Different labeled scales can be constructed in several ways. One is to construct color-coded intervals on scales for predetermined values of total ozone column in Dobson Units (DU), for example 250, 275, 300, 325, 350 and 375 DU (Fig. 2a) while altitude, albedo of the surface and aerosols are considered to be constant. Other values can also be chosen to best suit regional conditions.
(a) Scales with predetermined values of the total ozone column in Dobson Units. (b) Scales with monthly average values of total ozone column for Serbia.
The other modality is to construct scales for specified periods according to average values for total ozone column in previous years in the area for which the device is best suited. An example of such a scale is given in Fig. 2b for Serbia. The four scales are made for April, May and June, July, August and September (IV, V and VI, VII, VIII and IX, Fig. 2b). Total ozone column values used for scale construction are monthly averages for the period between 1979 and 2003 minus two standard deviations (12).

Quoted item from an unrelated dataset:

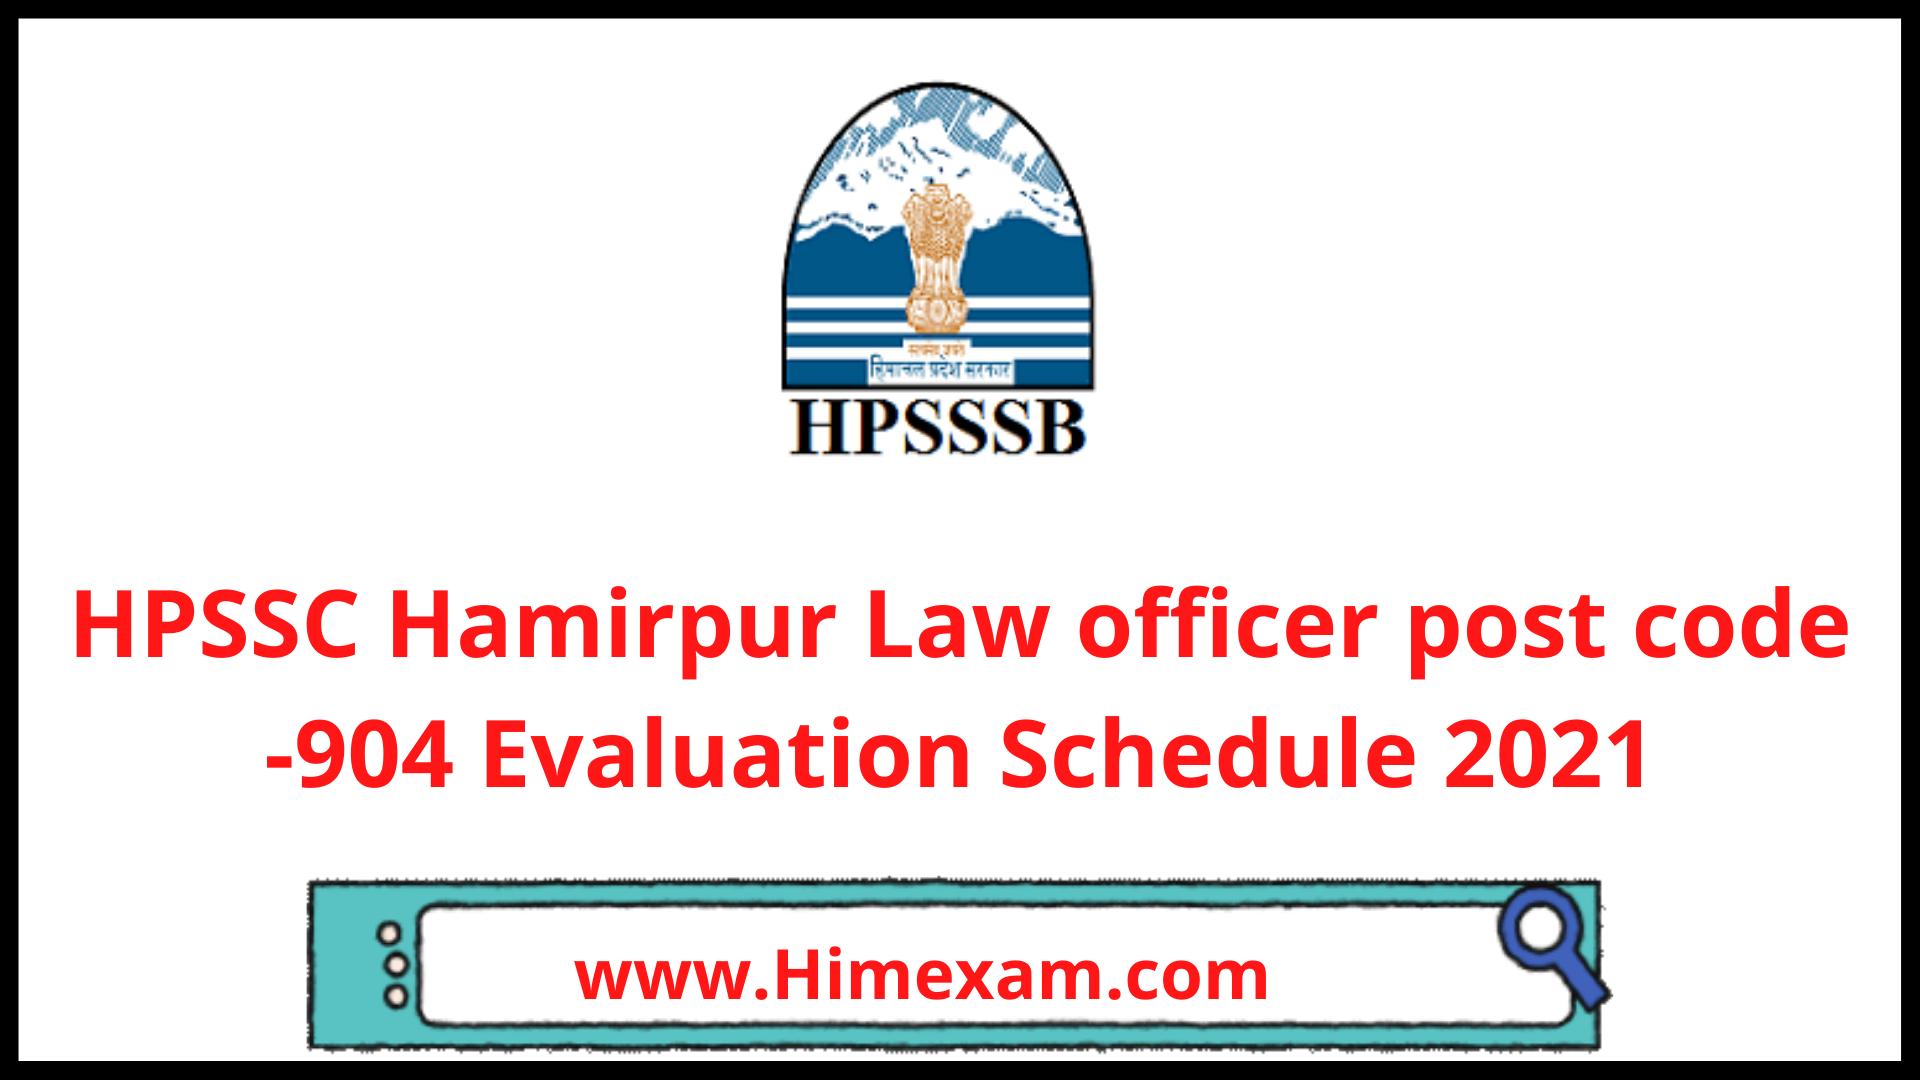 HPSSC Hamirpur Law officer post code -904 Evaluation Schedule 2021

The scale construction for both scale modalities (Fig. 2) is based on UVI values obtained using the multiple scattering model System for Transfer of Atmospheric Radiation. The scales are valid for mean sea level, clear sky and a 3% albedo of the surface, and aerosol optical depth at 550 nm of 0.2 (13,14).
Indication of UVI interval at solar noon was compared with the UVI forecast issued by Tropospheric Emission Monitoring Internet Service (http://www.temis.nl) for clear sky for solar noon for 3 days (today plus 2 days). The input for the UVI is assimilated global ozone field. Average ozone predictions accuracy is about 9 DU (15,16).
Results
The indication of the UVI interval on the month scale was compared with the UVI forecast. The comparison was made for 165 days during spring, summer and fall in 2007 for Belgrade (latitude 44.85 N, longitude 20.5 E), Serbia. In the period between 15 May and 24 August, when elevation of the sun resulted in indicator readings in the red zone (UVI more than 7), on 15 occasions the forecast of clear sky UVI was less than 7. However, the UVI forecast for those days was between 6.3 and 6.9 (<6.5 on three occasions), so the level of protection indicated by the indicator could hardly be described as excessive.

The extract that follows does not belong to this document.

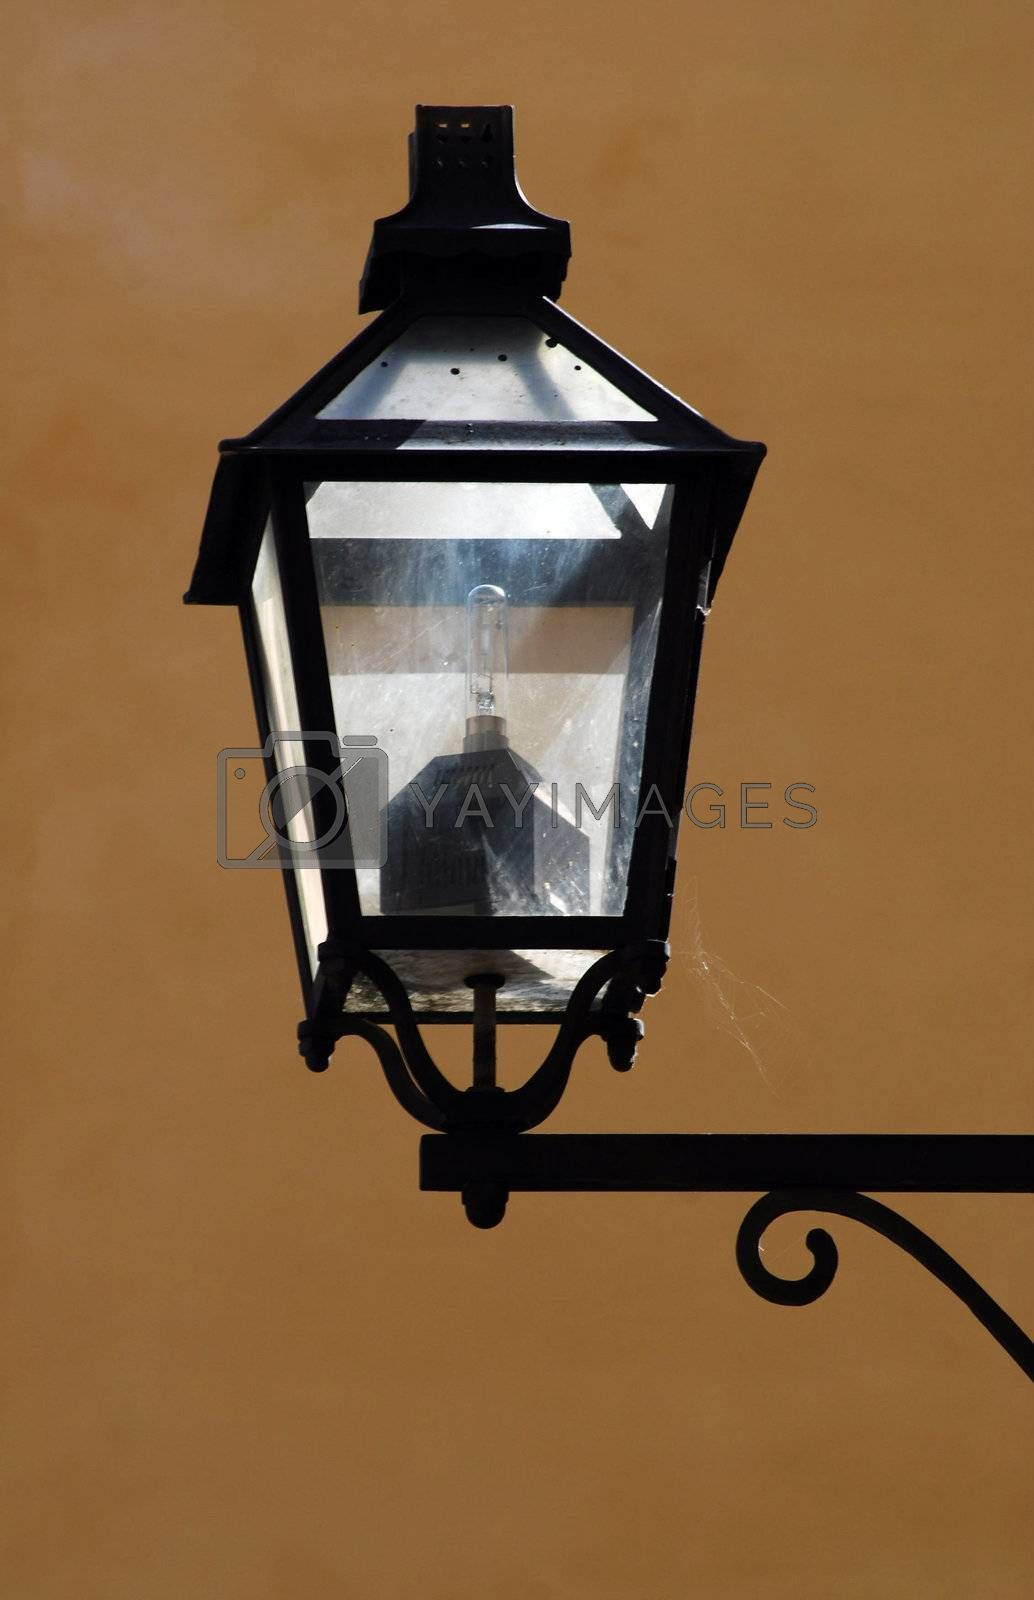 Streetlamp by windmill

Between 25 August and 30 September the indicator pointed at the yellow zone at solar noon (UVI between 4 and 7). UVI forecasts were outside this interval on three occasions (7.5, 7.2 and 3.9).

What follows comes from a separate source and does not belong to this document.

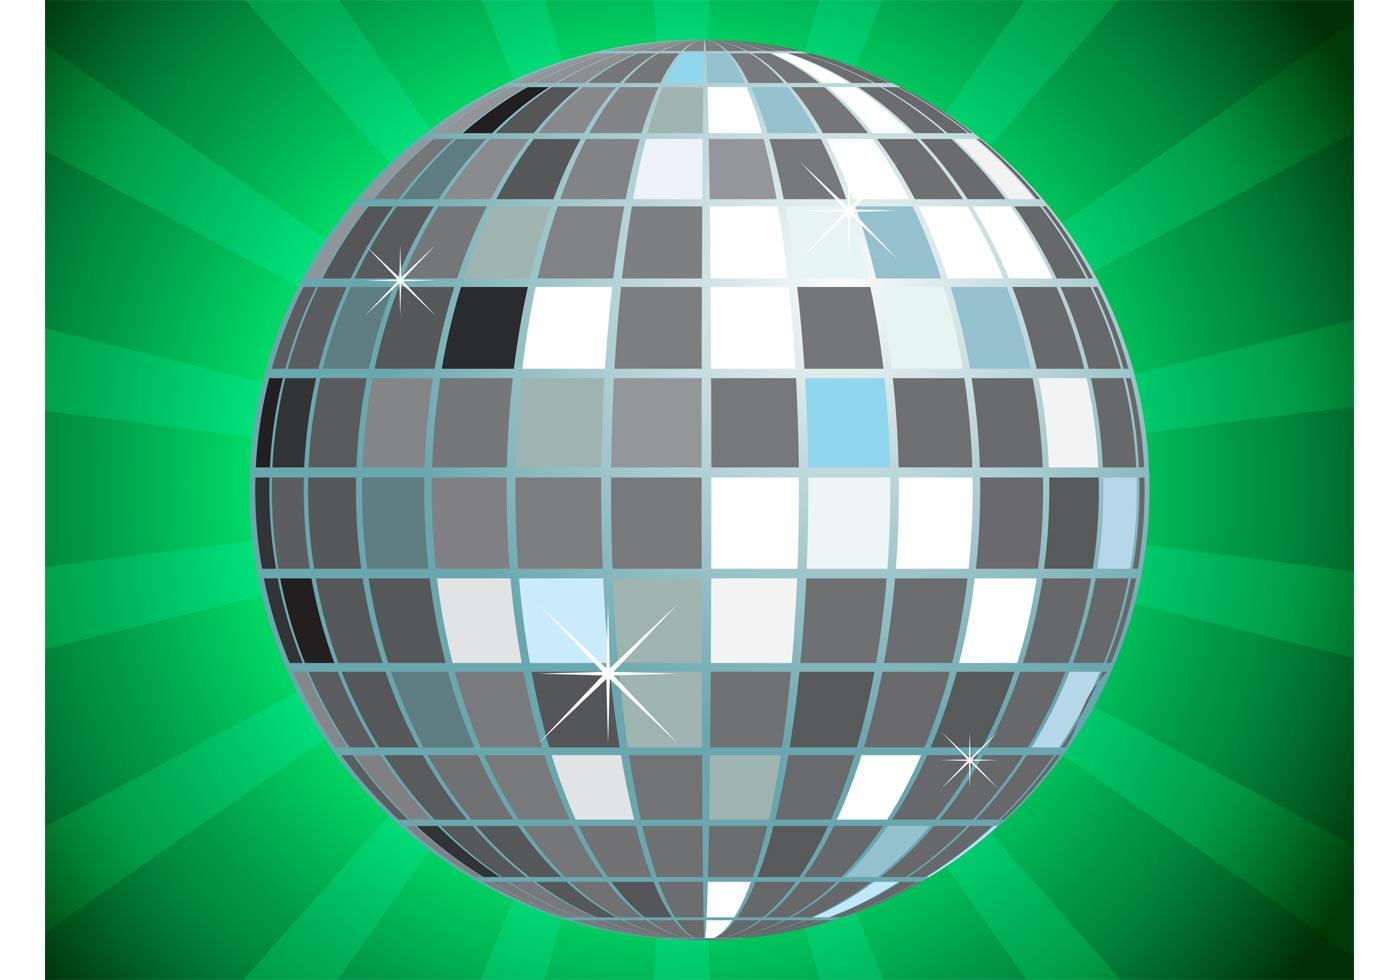 Glitter ball vector download free vector art stock - Ball image download ...

From 1 October until 19 October the instrument indicated the green zone (UVI <4). The forecasts were 4.2 on two occasions.
Out of 165 readings the instrument underestimated UVI forecast on four occasions. Erroneous indications whether to apply protective measures were made three times.
Discussion
The values of UVI interval obtained by the indicator showed very good agreement with the forecast of UVI. The forecast differed from the indicated UVI interval 20 times out of 165 comparisons. Underestimation of UVI is of greater concern for radiation protection. It occurred on four occasions and all of them were when UVI was medium or low. Altitude is a parameter which is taken to be 0 for UVI indicator readings. If the indicator is intended for use at locations with altitude higher than 300 or 400 m appropriate scales could be constructed. The albedo of the surface was 3% for indicator readings and aerosol optical depth at 550 nm was 0.2.
Cloudiness is a factor that is not accounted for in UVI indicator readings and most often for UVI forecasts as well. Clouds modify UVI values profoundly (reduce UVI by 50% or more) only when the sky is completely or almost completely covered by low or medium high clouds (5). Such conditions can be readily recognized by individuals trying to determine the necessary level of protection.
Conclusion
The UVI indicator proved reliable in determining UVI intervals and the level of necessary protection. It is simple, straightforward to use and adaptable. Large errors are avoided because the indication is analogous to sun elevation—the principal factor that determines the intensity of biologically active UV radiation. Its color-coded scales are intuitive and do not require knowledge of the UVI, so it can be used by children.